Before moving onto how to implement this, lets learn about the terminilogies used.
Node Classification is a machine learning task in graph-based data analysis, where the goal is to assign labels to nodes in a graph based on the properties of nodes and the relationships between them.
Node Classification models aim to predict non-existing node properties (known as the target property) based on other node properties. Typical models used for node classification consists of a large family of graph neural networks.
Graph Neural Network is a type of Neural Network which directly operates on the Graph structure and provides an easy way to do node-level, edge-level, and graph-level prediction tasks.
Given that the citation information is essential for accurate classification, it appears that basic MLP models perform significantly worse than GNNs on this kind of job. It has been observed that it attains only a accuracy of 27% using the traditional measures along with Random Forest Classifier.
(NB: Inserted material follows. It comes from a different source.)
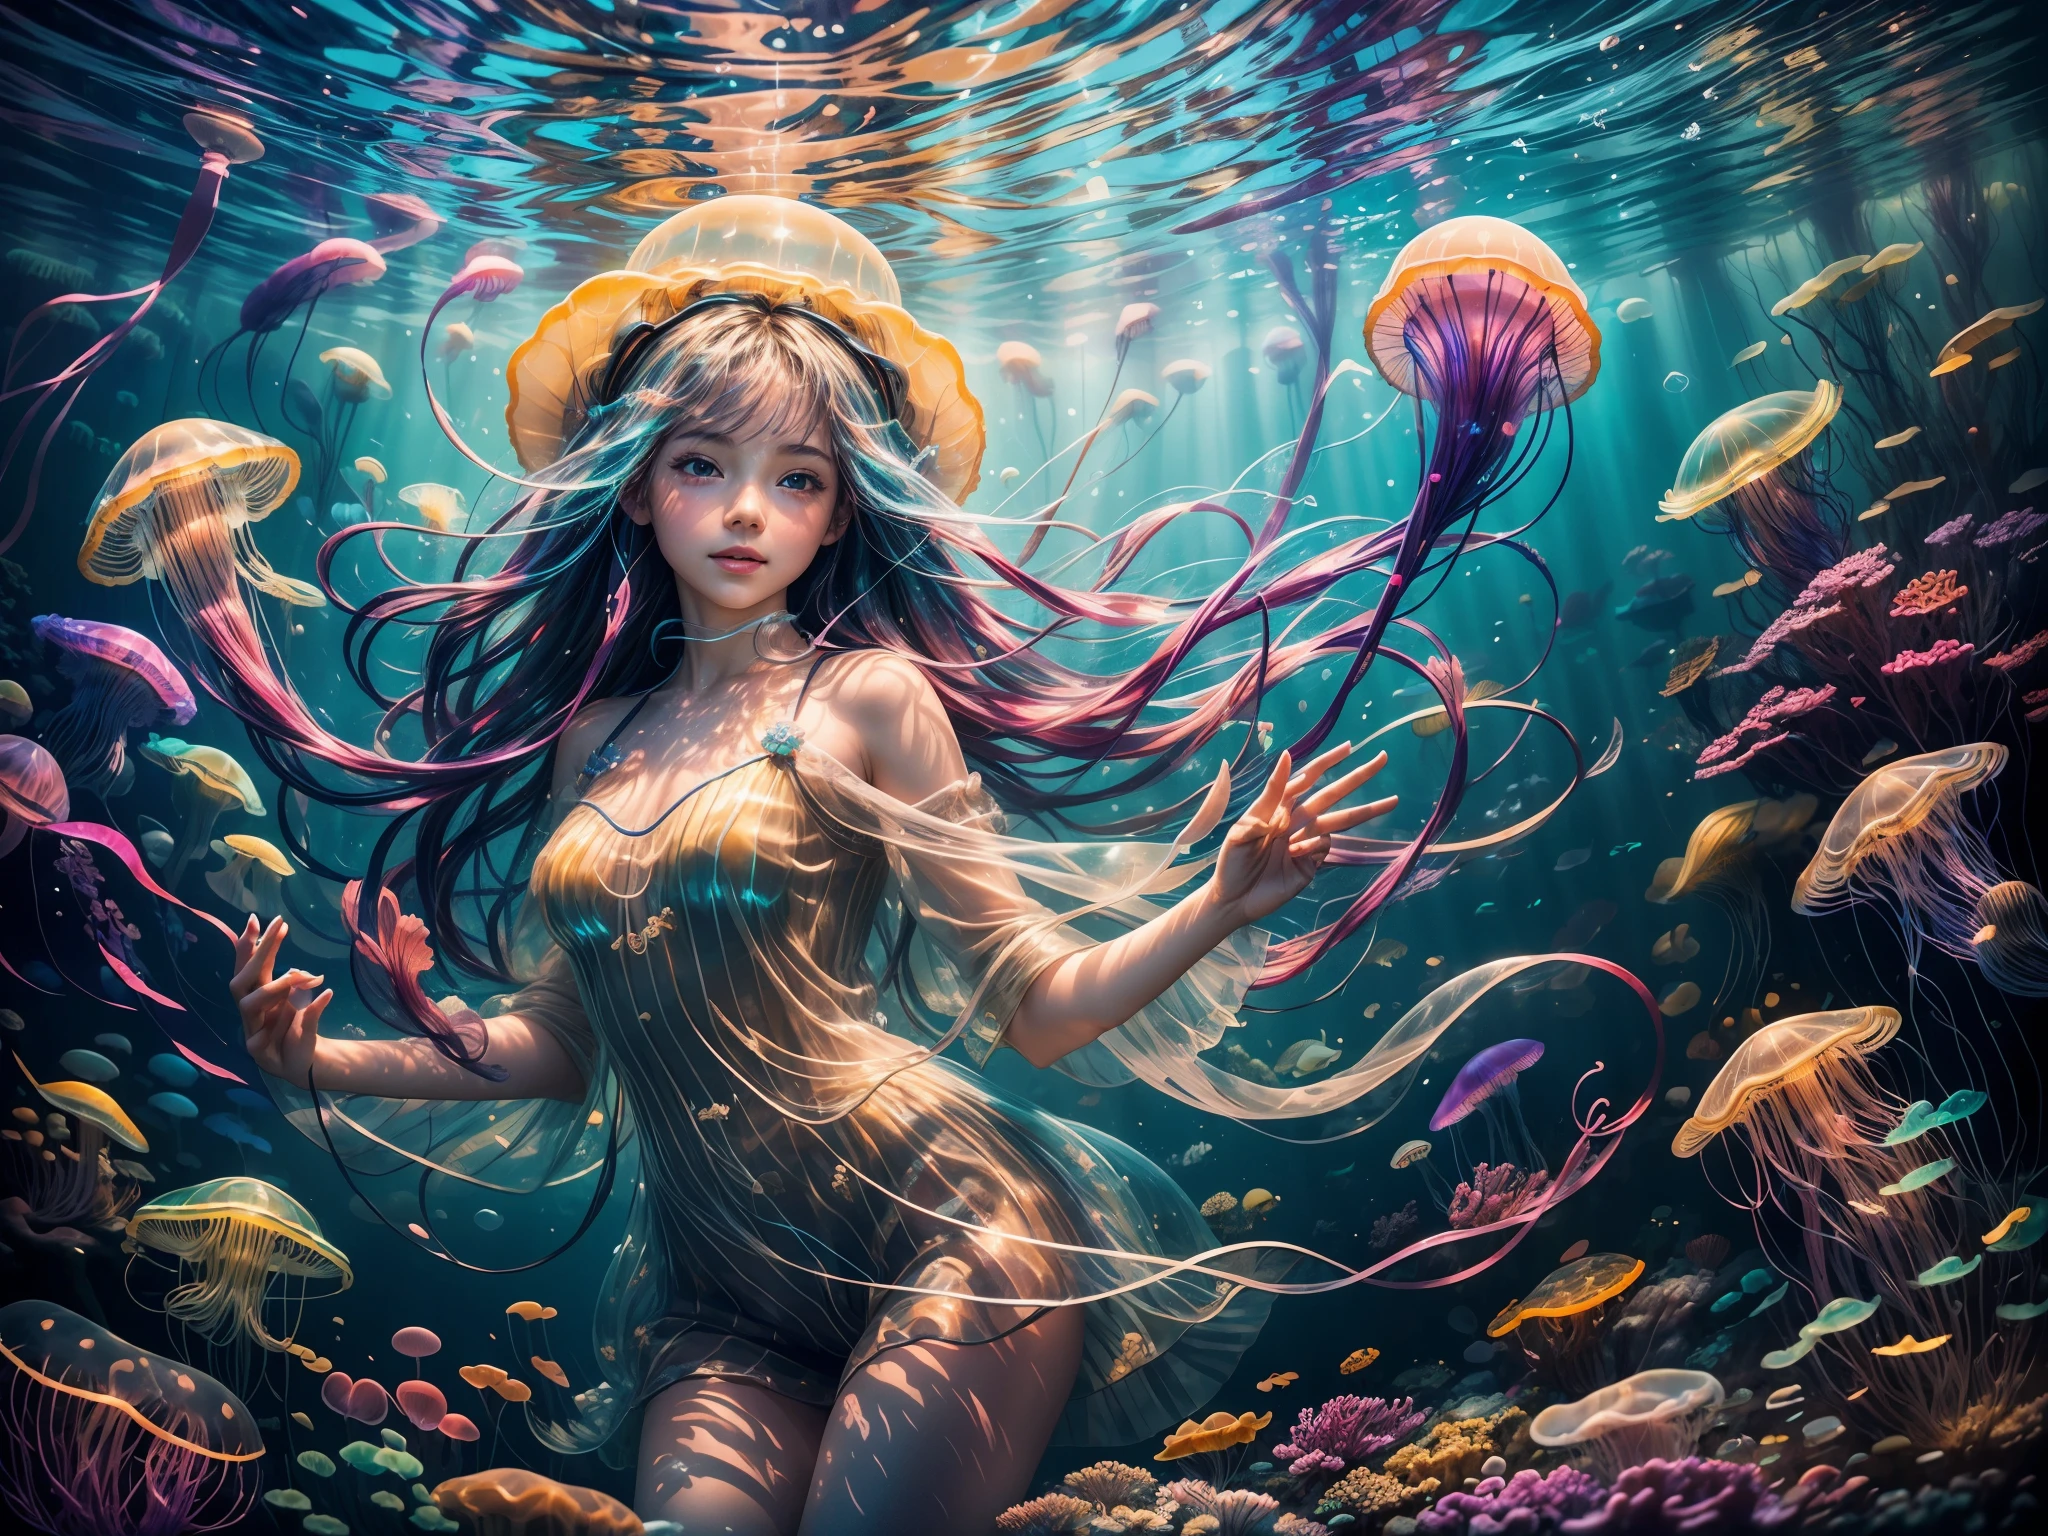 (高品質, 鮮やかな色彩),(現実的:1.37),海の中で虹色のクラゲと遊ぶ女の子 (2人の女の子),表面から輝く明るい太陽光線,太陽の光を反射して輝く海水,少女の顔の美しい目と唇,柔らかくてカラフルなクラゲの触手,半透明で光るクラゲの体,澄んだ青い水,背景にはサンゴ礁と色とりどりの魚が泳いでいる,夢のような魔法のような雰囲気,微妙な波が少女の髪を優しく揺らす,素晴らしい水中風景，水に浮かぶ泡,海の層によって作られた深さと次元,少女を取り巻く多様で活気に満ちた動植物,少女の上に浮かぶ透明なクラゲの傘,平和で穏やかな水中環境,優雅に流れるような動きで浮かぶクラゲ,少女がクラゲに魅了され、喜びを感じていたことを想像してみてください,魅惑的な輝きを放つ光るクラゲ,クラゲの体の質感と模様,見る人に驚きと畏敬の念を抱かせる,雄大な海の生き物たちがシーンの神秘的な雰囲気を高めている,楽々と水の中を滑る,水中世界の美しさと静けさに浸る,少女の顔に映る踊る色彩,表情豊かで生き生きとしたクラゲの触手，魔法のオーラに包まれた少女,水中の光景を照らす微妙な光線,海底を飾るサンゴと貝殻の痕跡.

The GNN classification model follows the Design Space for Graph Neural Networks methodology as follows:
- Preprocess the node features using a Feed Forward Network to produce initial node representations.
- Produce node embeddings by applying one or more skip-connected graph convolutional layers to the node representation.
- To create the final node embeddings, post-process the node embeddings using the Feed Forward Network.
- Use a Softmax layer to forecast the node class by feeding it the node embeddings.
- Only have a relatively small set of training nodes (20 nodes per class)
- There are binary test and train masks of the size #nodes (0 - Test, 1 - Train)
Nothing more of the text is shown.